March 31, 2019

A long while back, I experimented with making a Go web server behave differently based on its heap utilization. I used runtime.ReadMemStats, but I didn’t run ReadMemStats on every request because it stops the world.

More recently, I started getting curious about logging memory utilization, against a production system, where we found that it was important to see the memory in use for each and every web request. I thought back to my old friend ReadMemStats, but I was frightened of stopping the world.

I also found Go’s pprof.Lookup("heap"), which, I think, tells you some interesting information about the state of the heap the last time the garbage collector ran. I thought it would be interesting to compare the two.

Benchmark in Isolation

The first thing I did was write a naïve benchmark of the two methods, available here: https://github.com/agocs/goMemProfileTester/blob/master/mem_test.go

It should be noted that my Go version is go1.11.5 darwin/amd64

The results surprised me.

go test -bench=.
goos: darwin
goarch: amd64
pkg: github.com/agocs/goMemProfileTester
BenchmarkMemstats-8    	  100000	     13966 ns/op
BenchmarkPProfHeap-8   	   10000	   1453765 ns/op
PASS
ok  	github.com/agocs/goMemProfileTester	16.125s

runtime.ReadMemStats stabilized at about 14μs per operation, while pprof.Lookup("heap") stabilized at 1.4ms, just about 100x slower!

However, I realize that a benchmark doesn’t reflect the complexities of multiple goroutines stopping the world on top of one another. I’d need to write a webserver to simulate this properly.

#Heavily Loadded Webserver

So I wrote a webserver that Does Stuff: https://github.com/agocs/goMemProfileTester/blob/master/main.go

It fills a slice with some number of randomly generated float64s, and then sorts them. I figured that was a good combination of memory intensive and CPU intensive work.

I used the Vegeta tool for load testing.

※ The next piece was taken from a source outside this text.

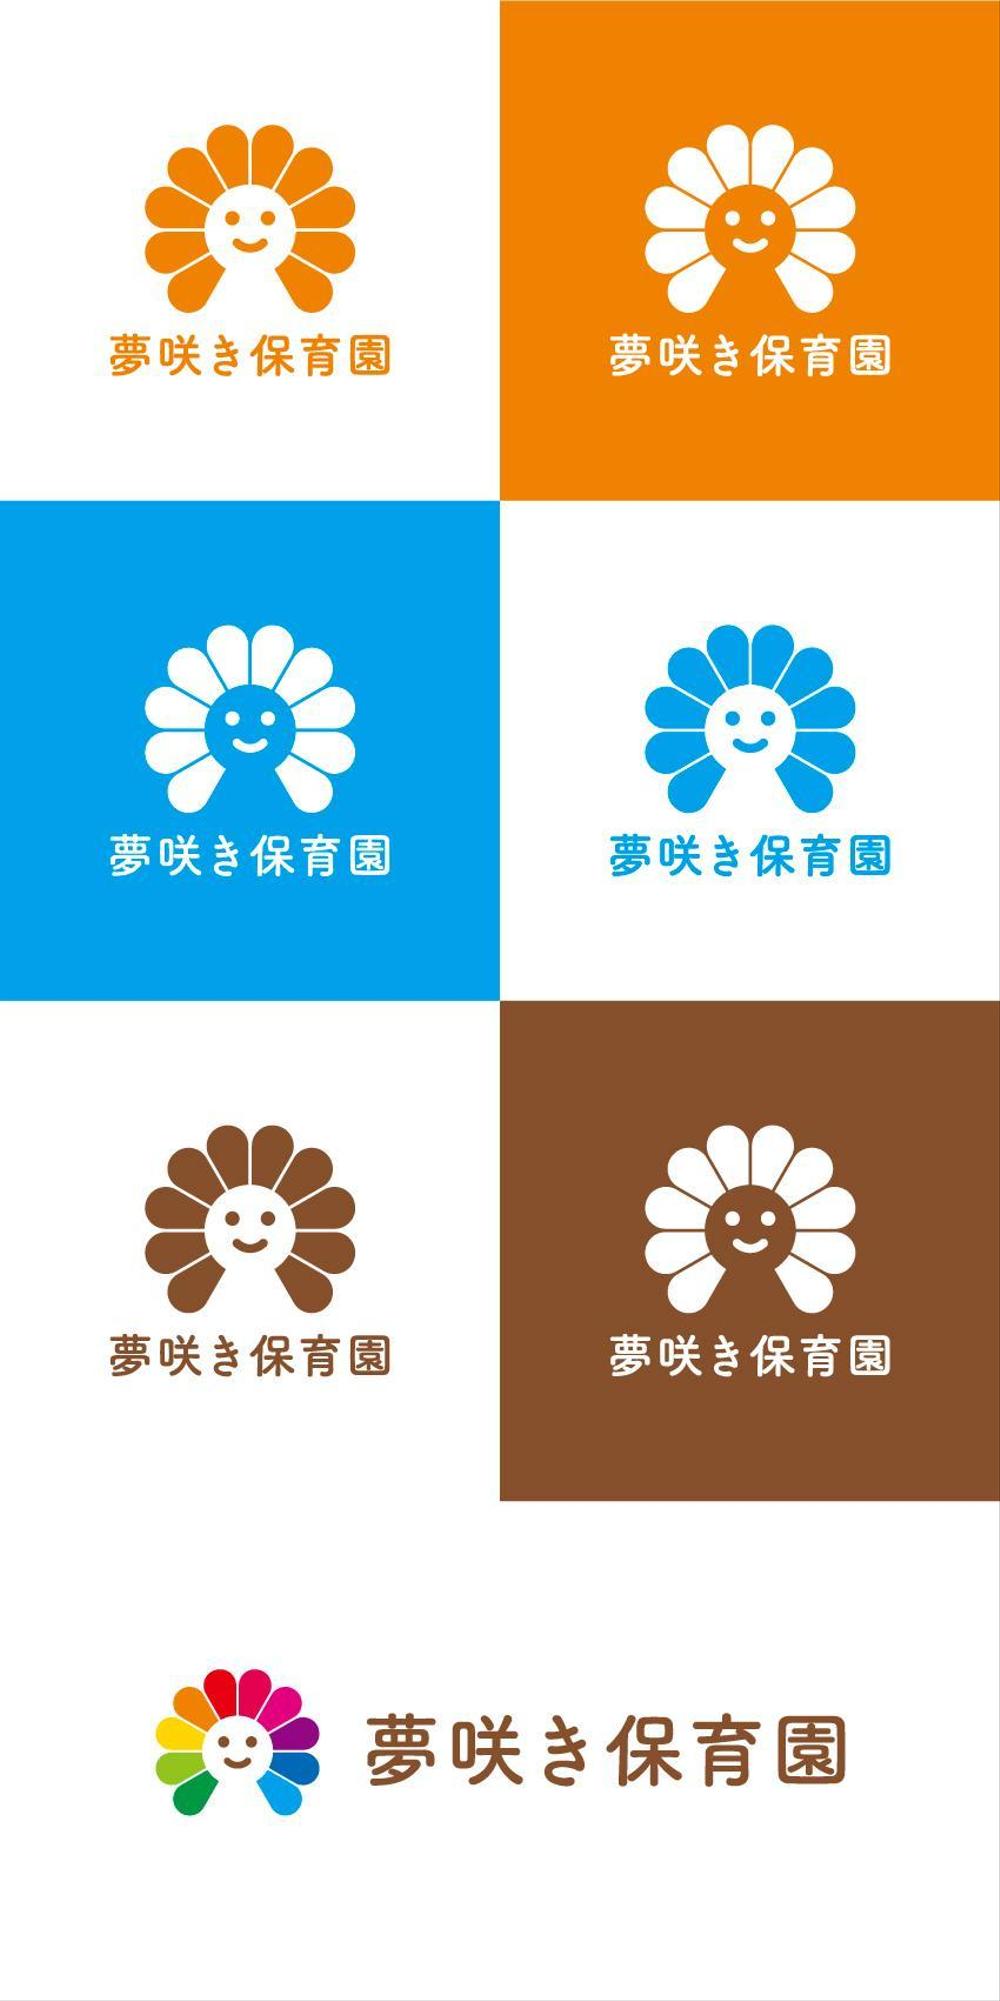 企業主導型保育園「夢咲き保育園」のロゴ

The exact command was:

echo "GET <http://localhost:8080/readMem$N/>" | vegeta attack -duration 10s | vegeta report

where $N is one of 0, 1, or 2, corresponding to Control, ReadMemStats, or pprof.Lookup.

Vegeta launches 50 requests per second against the endpoint for 10 seconds, and then generates a report on the results.

Preliminary results were promising!